Black swans - unforeseen events with extreme consequences - have formed the backdrop of the Dajani family's history for almost a century.
In From Jerusalem to a Kingdom by the Sea Adel A. Dajani, one of the first Arabs to ever go to Eton, takes us on a journey from the royal palaces of Libya where he was raised, rubbing shoulders with monarchs and presidents, to the prisons of Gaddafi where his father was a political prisoner after the deposition of the monarchy in 1969.
Dajani recounts his experiences of enshrined cultural ignorance about the Middle East and North Africa with humour and candour as he trades the playing fields of Tripoli College for those of Eton College. His journey takes us into his family history, to the Old City of Jerusalem and the orange groves of Jaffa, to the spires of Oxbridge in the 1930s and to post war London in the 1950s. We are given unique eye witness perspectives of a world in endless transition, including invaluable accounts of the Arab Spring Revolutions in Tunisia and Libya and their life-changing impact on Dajani and his young family.
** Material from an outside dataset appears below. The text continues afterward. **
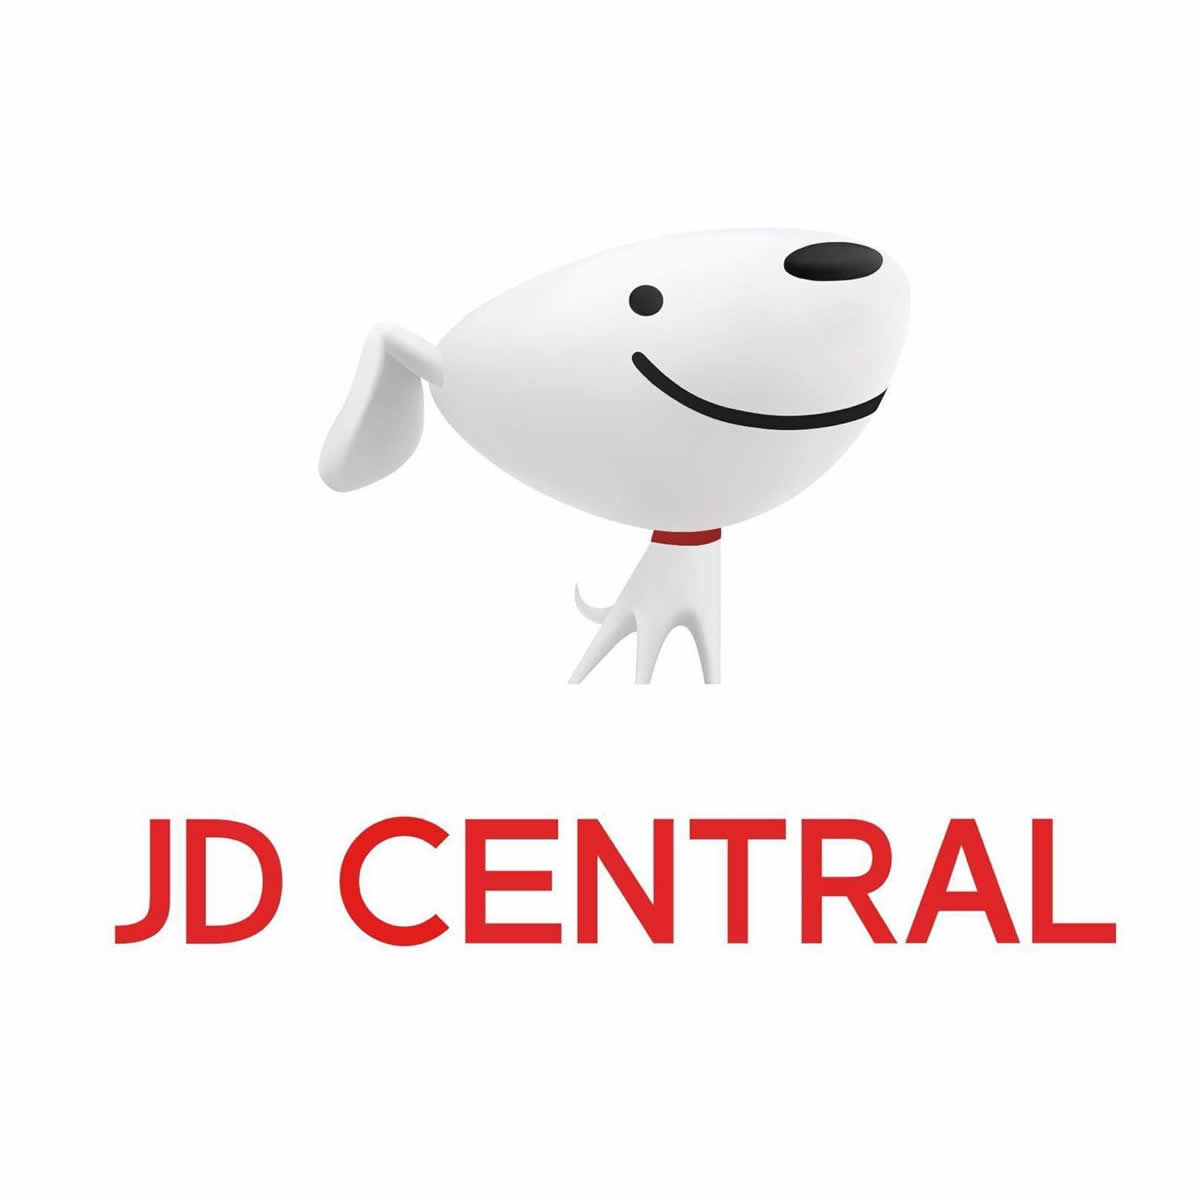 タイのJD CENTRAL、2023年3月3日で事業終了

Replete with vivid and memorable anecdotes, From Jerusalem to a Kingdom by the Sea is a humorous and compellingly narrated story of a generational voyage through the icebergs of international political upheavals. The reader accompanies Dajani on this voyage, buoyed by his universal themes of family, love, loss, identity and, ultimately, the triumph of the human experience in the face of adversity and displacement.